Javier Muñoz (Jerez de la Frontera, 1983) has been experimenting and preparing dishes with Sherry wines for 15 years at

La Carboná,

the family restaurant located in an old cellar from 1898 in the center of Jerez.

Such has been his dedication to introducing Finos, Olorosos and Amontillados in his culinary creations that he has created a school and everyone now knows him as

the Sherry Chef


And not only in Spain, but also in Denmark, Mexico and other parts of the world, where he is constantly called upon to demonstrate how the use of these wines in cooking enhances food, since "they provide a diversity of aromas, sensations and salinity which very favorably modifies the taste of things", according to the chef.

He has just arrived from Mexico City, where he has spent two weeks preparing a tasting menu for the

Hermitage restaurant

with dishes created by him, each one with different types of sherry from different cellars, from González Byass to Williams & Humbert, all belonging to the DO of the Marco de Jerez.

"I have been traveling to Mexico for 14 years giving advice on how to cook with this wine. They claim me because they like my cooking and then they replicate my dishes," says Muñoz.

He has also passed through the city of Guadalajara (Jalisco), where he has been collaborating with a Spanish cuisine restaurant that has just opened there to make dishes with Sherry wines and pair them with that denomination.

Sanlúcar prawn tartare, black garlic white garlic and veil of flower.

According to Muñoz, he introduces sherry into his kitchen not only directly, but also indirectly,

using all the resources provided by the vineyard

, from the yeast of the flower veil to make bread to the vine shoots to smoke different dishes or the staves. Oloroso... "It is also important to take into account the seasonality of the product and which one we have within reach at each time of the year. According to that, we see what type of wine we can cook it with," he says.

Among examples of the dishes: prawns from Sanlúcar, simply boiled with the vapor of fine wine, diced red tuna from Almadraba, with yolk emulsion and amontillado, or tomato tartar from Conil seared on vine shoots and guacamole.

For the chef, there is no product that can resist Sherry wine, even in recipes as traditional and intensely flavored as the Mexican ones.

"We decided to make a traditional dish like

Mexican mole with Oloroso, which has chiles, cocoa and its flavor is very intense

and the result of how it was transformed by adding said wine was surprising."

The great teacher

Where does this passion for cooking with Sherry wines come from?


Pitu Roca,

of course, the great ambassador that we have in Spain for these wines", confirms Muñoz.

The sommelier and co-owner with his brothers of the prestigious El Celler de Can Roca

He invited him years ago to spend a season at his restaurant, where he learned to cook with sherry.

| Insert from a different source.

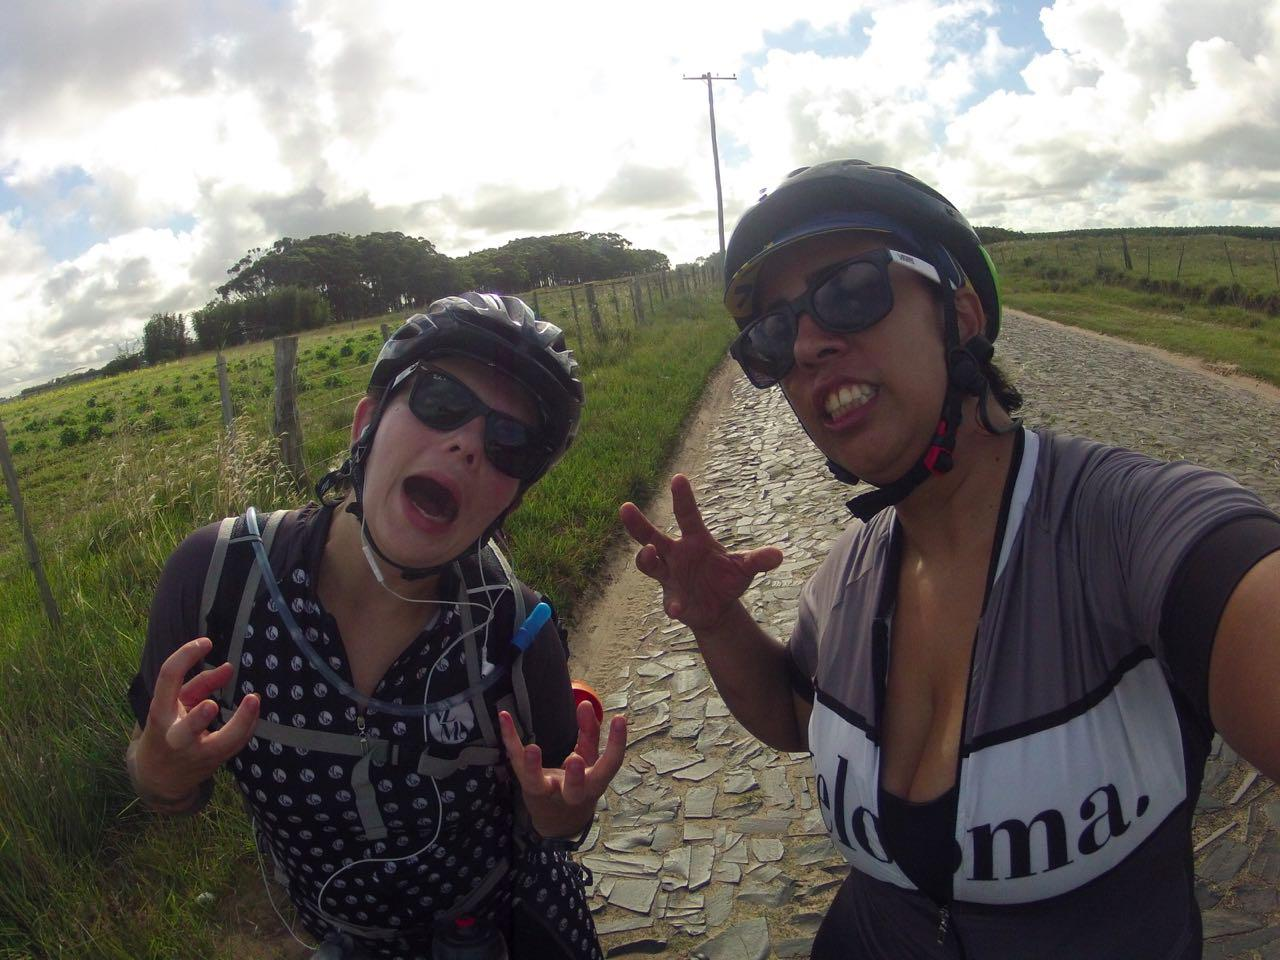 bike handling pavet paralelepipedo

"Since then, I have been in love with Sherry wines and, when I returned to La Carboná, my parents' restaurant, we decided to make a change in our menu and focus on them. We were in the ideal place, surrounded by Marco wineries, so we had to take advantage of it. We immediately realized how sherry wines enhance food, how you can play with the spicy, acidic, bitter vinegar and how to achieve sweetness without adding sugar with, for example, Pedro Ximénez. There was a whole universe to discover and explore and we decided to bet one hundred percent that all the dishes were cooked with them and with all the elements around them".

Muñoz boasts that

all the sherries on earth are represented on your plates


"We are fortunate that, as La Carboná is a very large restaurant where many people come to discover the wines, we have a high turnover and turnover. We have some 300 Sherry references, which customers can try by the glass. As I have them within reach, I play with some and others... because the recipe changes a lot depending on whether you use a young fino or one that is very old or almost amontillado".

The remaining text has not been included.